* Task description
Only the pictures should be left out; write out all other data exactly.

* Data section
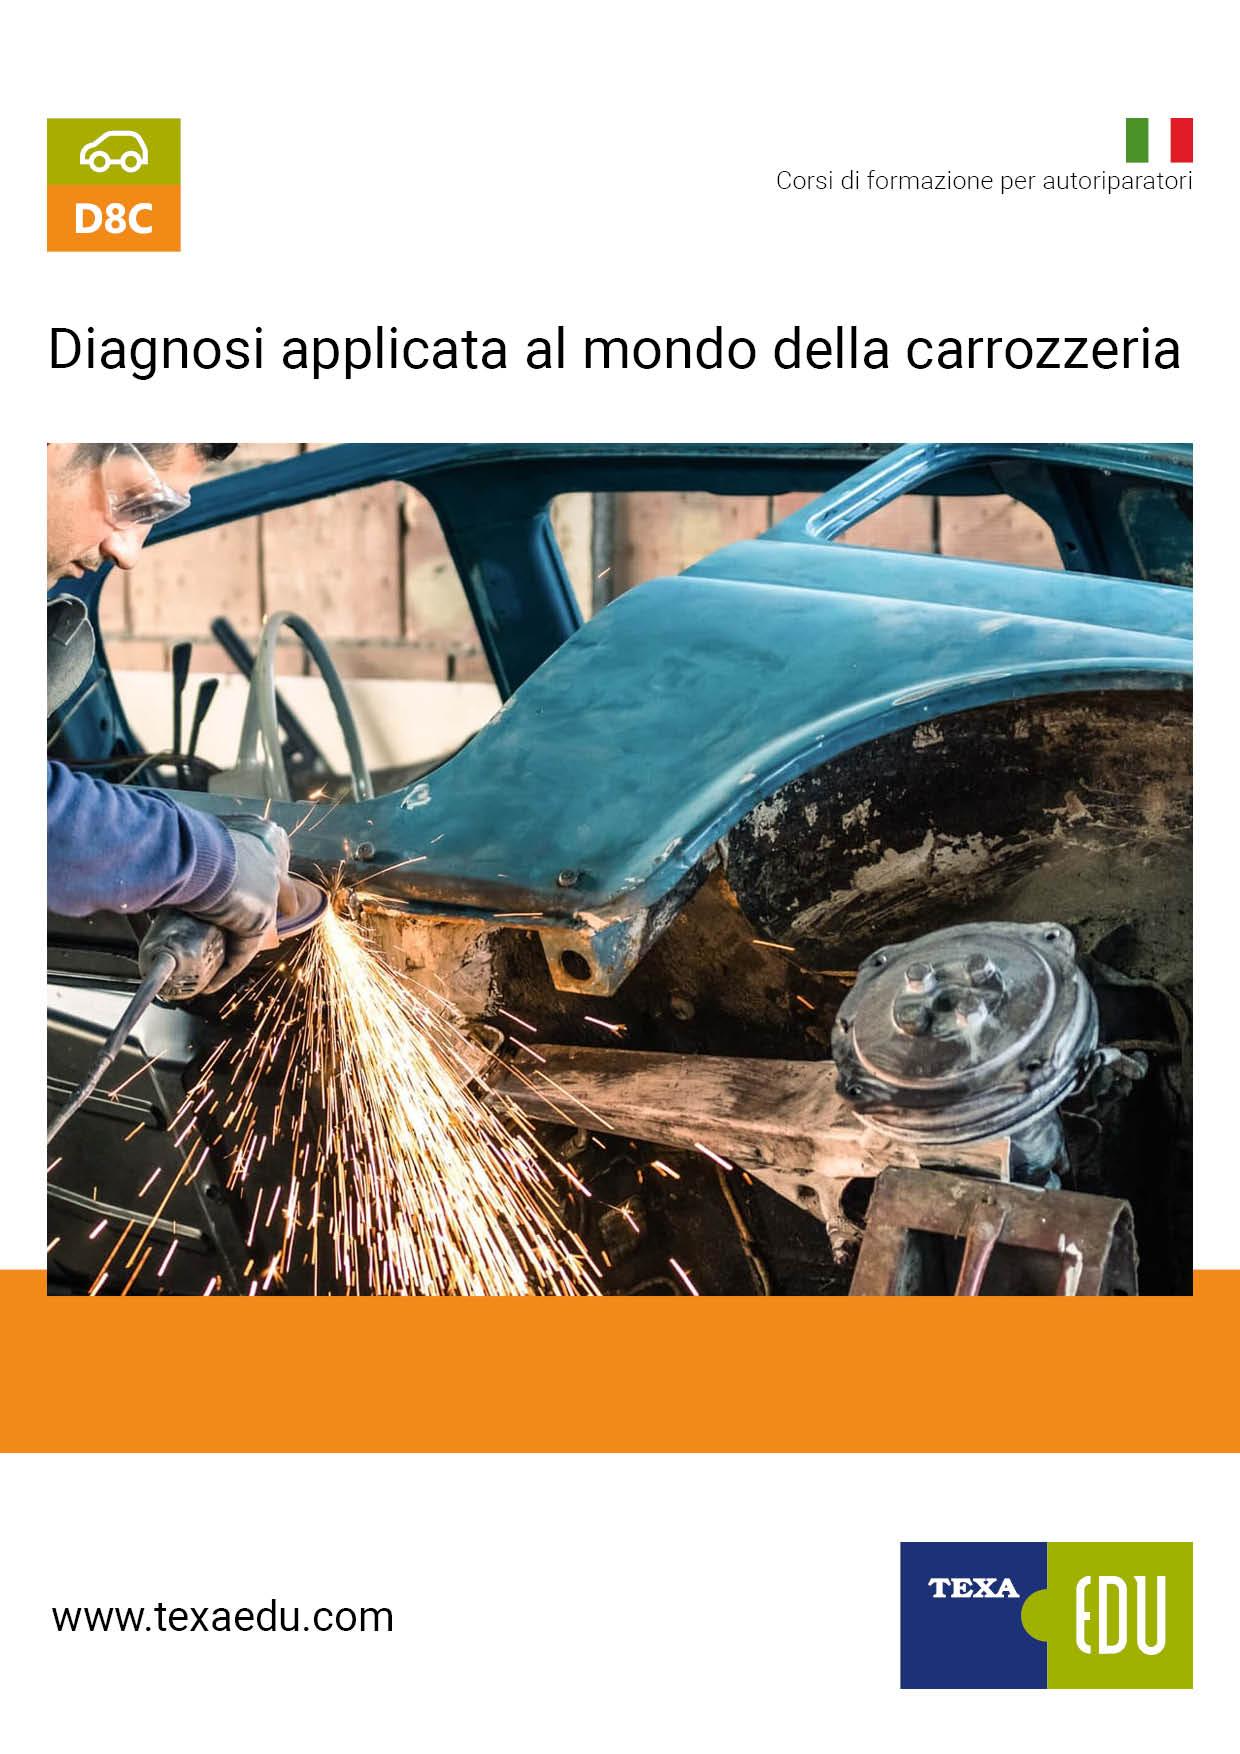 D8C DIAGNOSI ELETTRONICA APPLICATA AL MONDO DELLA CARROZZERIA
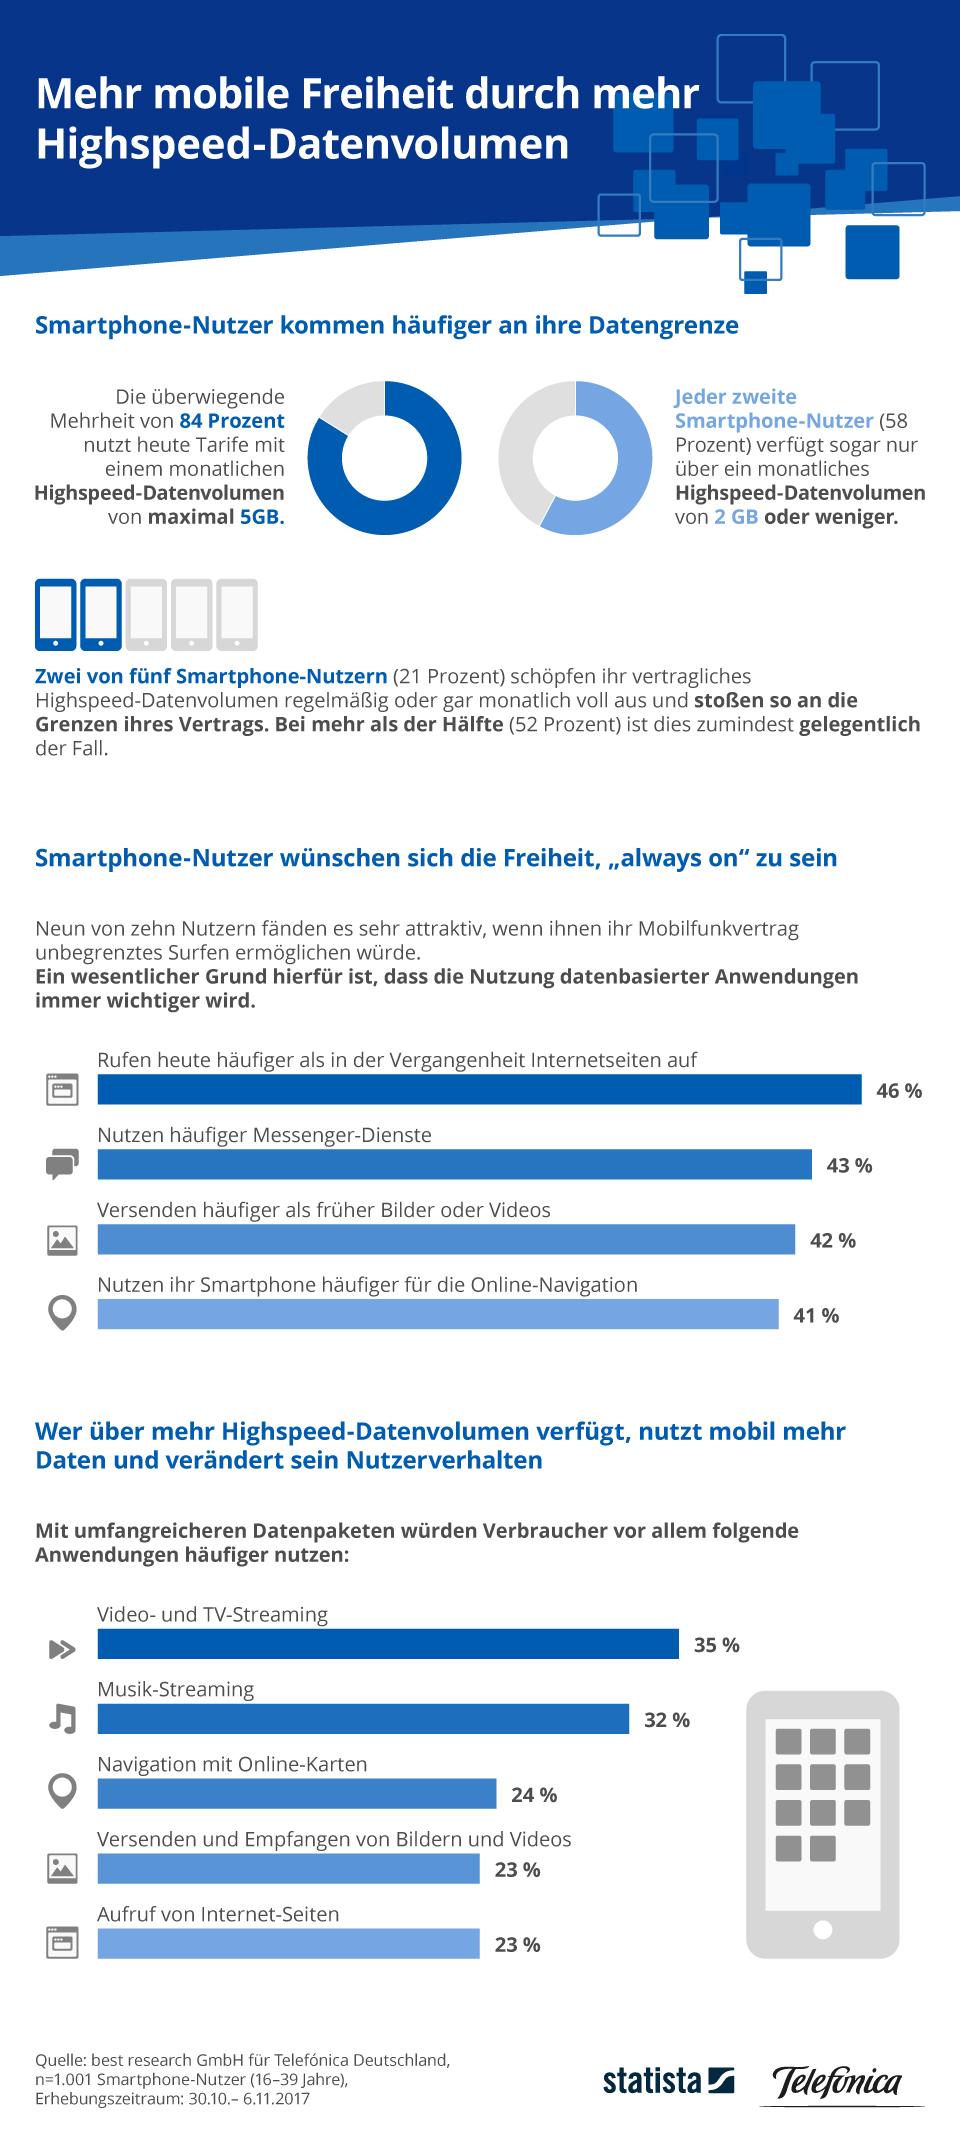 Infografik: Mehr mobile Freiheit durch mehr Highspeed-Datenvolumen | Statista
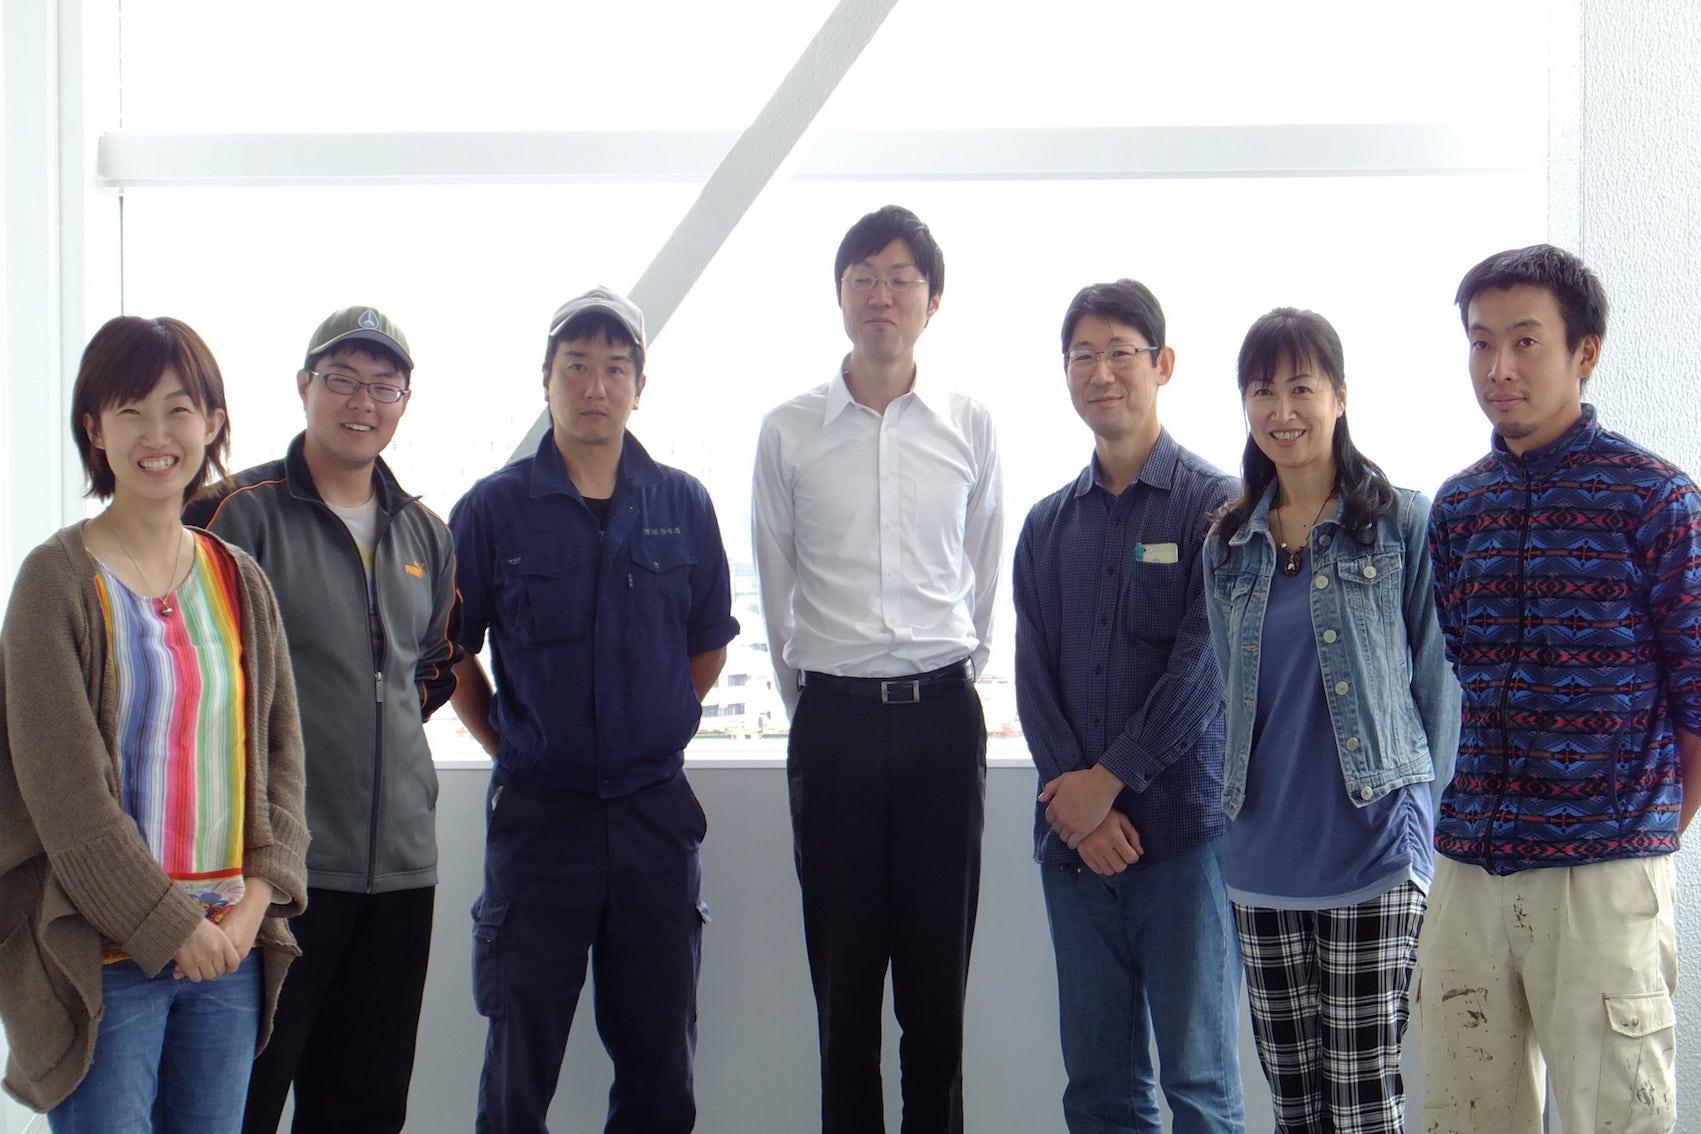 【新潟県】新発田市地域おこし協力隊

* Written answer
 D8C DIAGNOSI ELETTRONICA APPLICATA AL MONDO DELLA CARROZZERIA
 Infografik: Mehr mobile Freiheit durch mehr Highspeed-Datenvolumen | Statista
 【新潟県】新発田市地域おこし協力隊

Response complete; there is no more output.